Provided material -
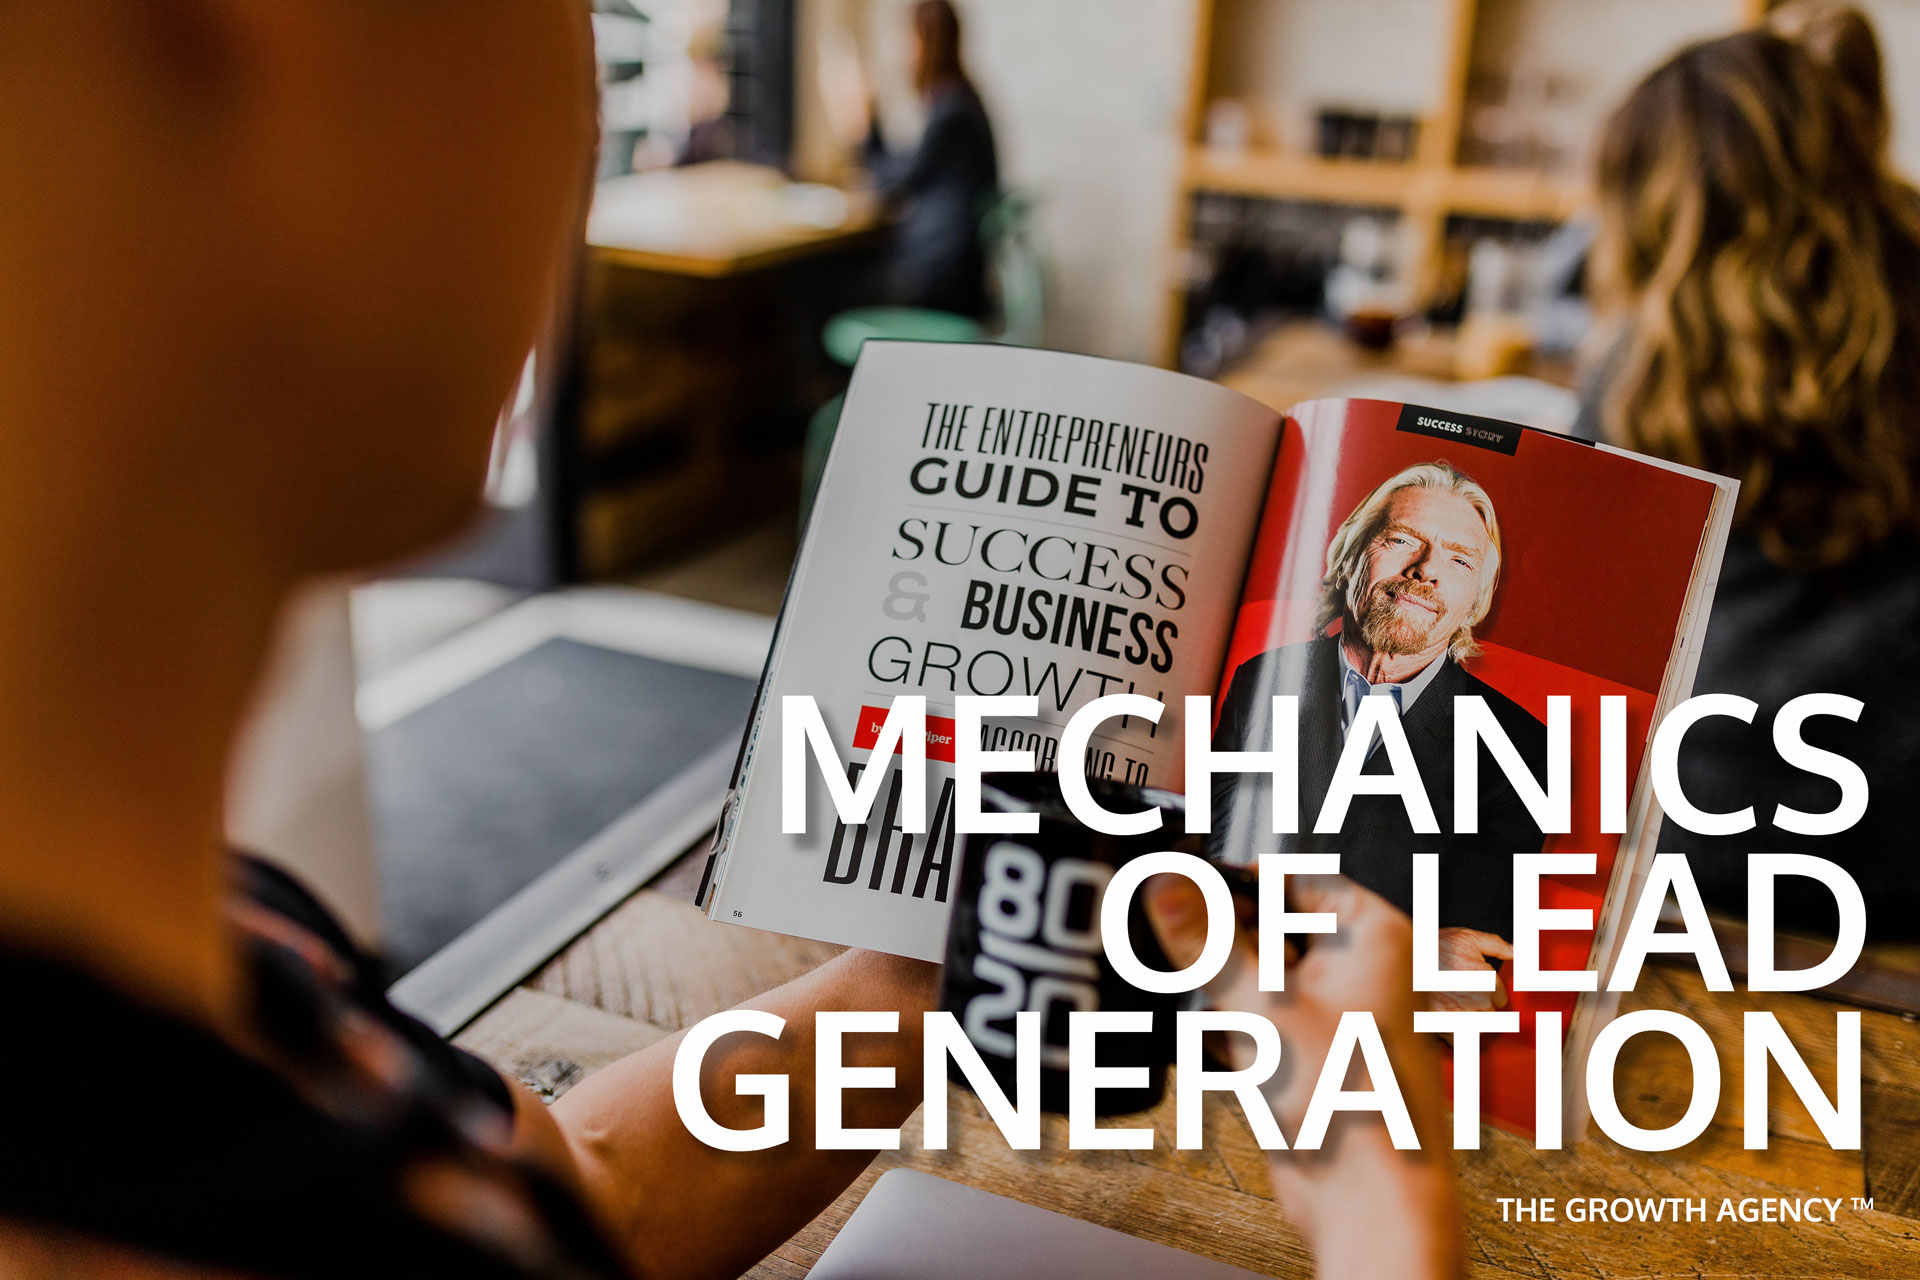 Lead Generation - What are the mechanics?
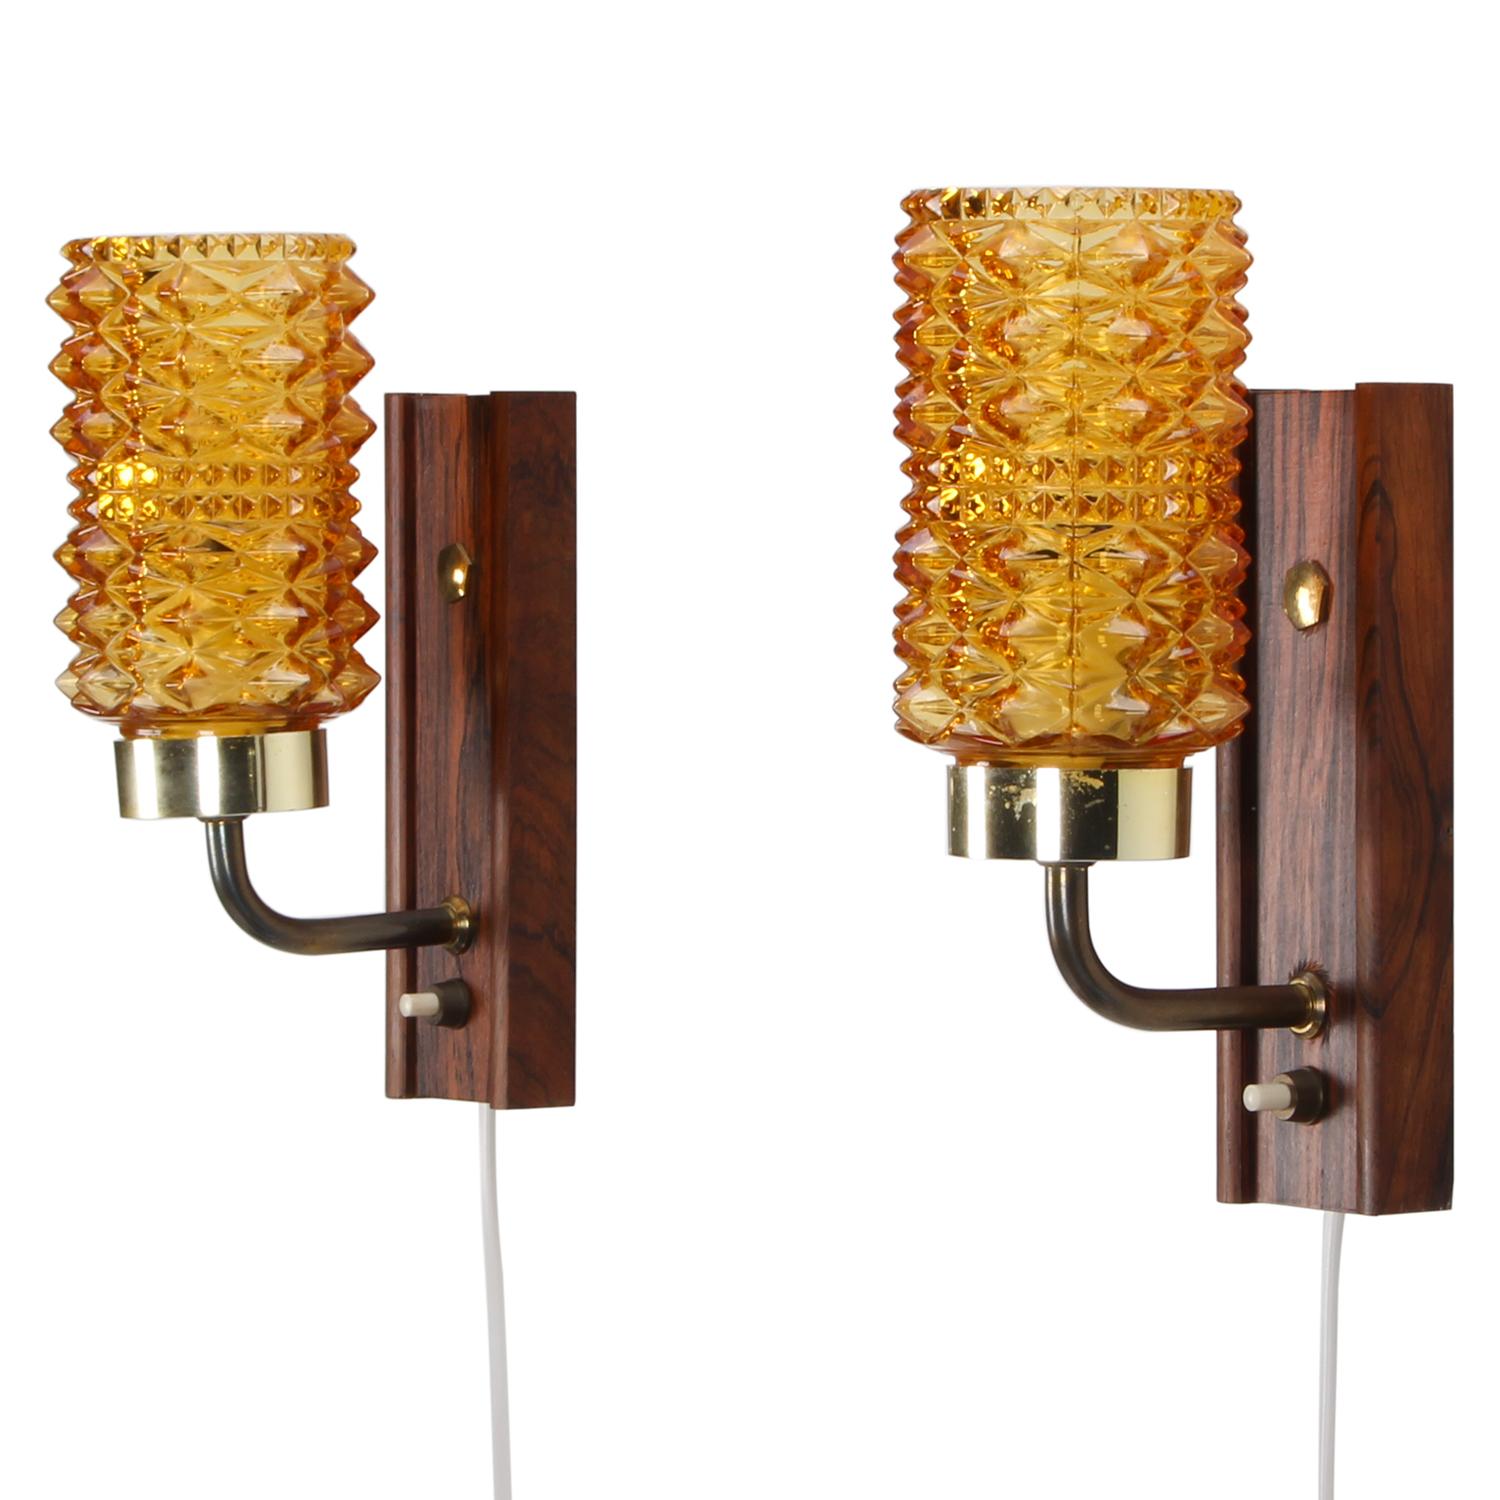 Lacquered Amber & Rosewood Wall Lamps Pair, 1950s Danish Vintage Wall Lights
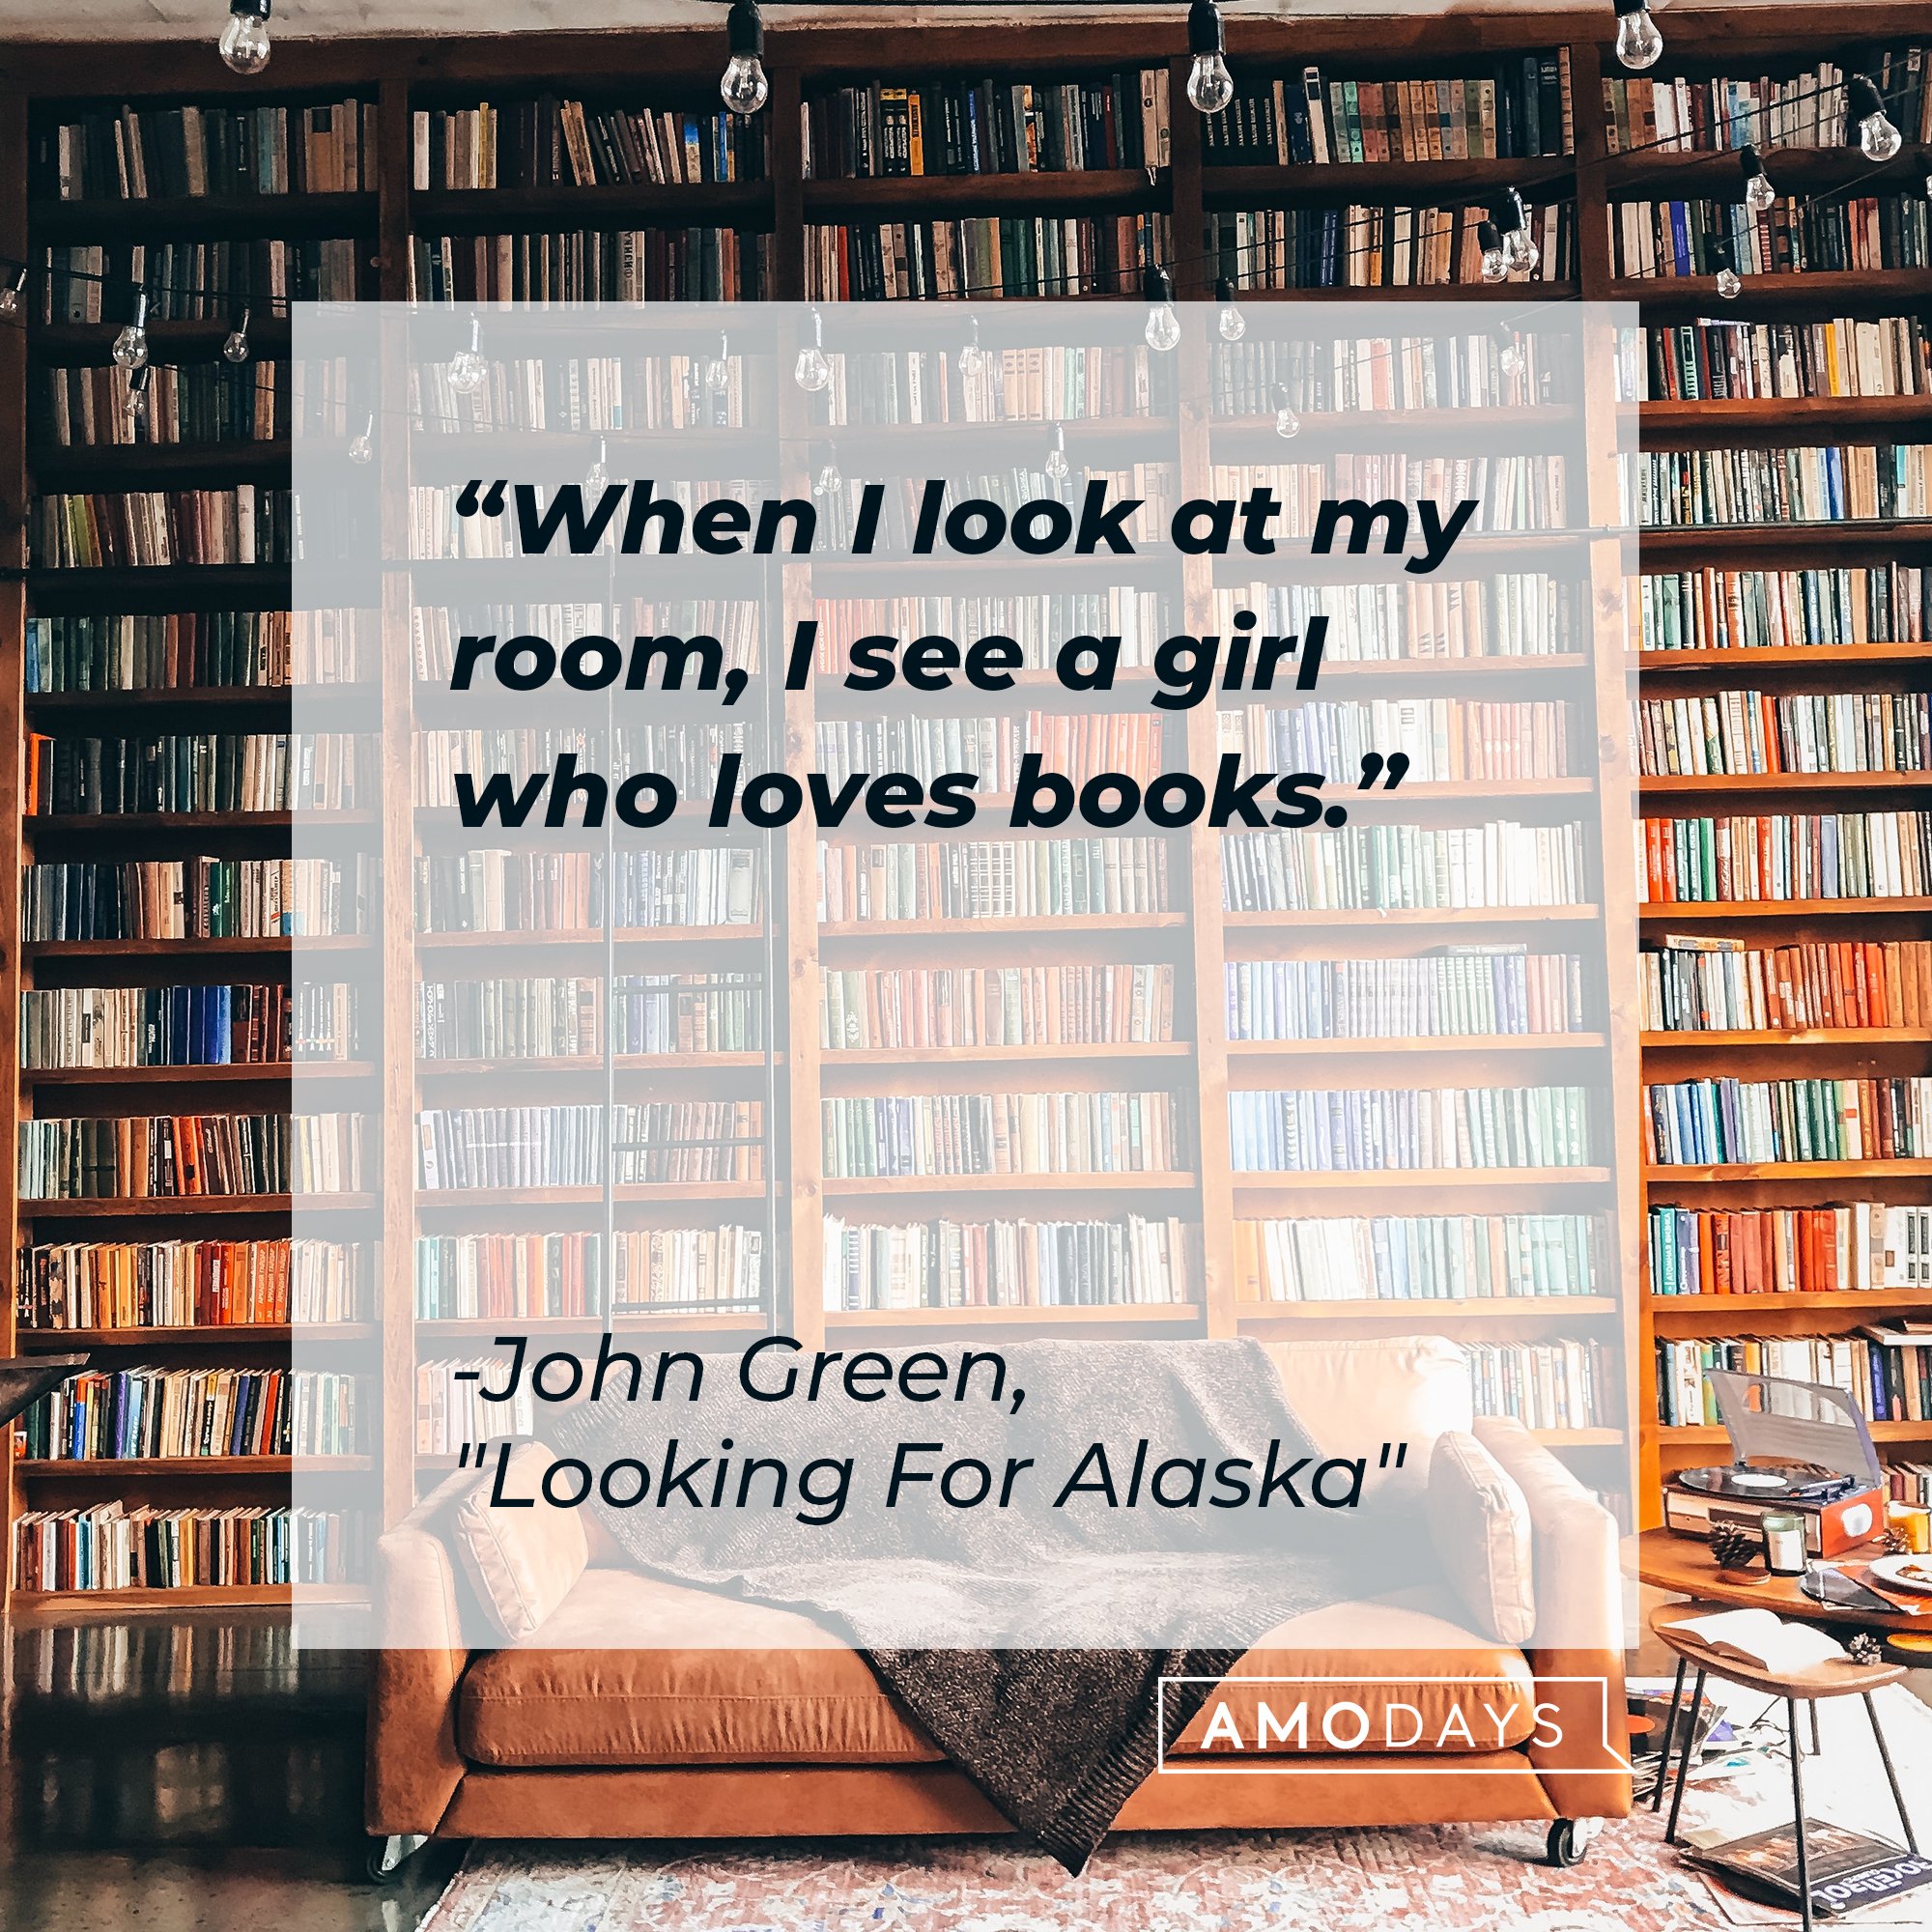 John Green’s quote from "Looking For Alaska" : "When I look at my room, I see a girl who loves books." | Image: AmoDays

About this task - Leaving out only the pictures, return the material above unchanged.

Reply to the task -
 Lead Generation - What are the mechanics?
 Lacquered Amber & Rosewood Wall Lamps Pair, 1950s Danish Vintage Wall Lights
 John Green’s quote from "Looking For Alaska" : "When I look at my room, I see a girl who loves books." | Image: AmoDays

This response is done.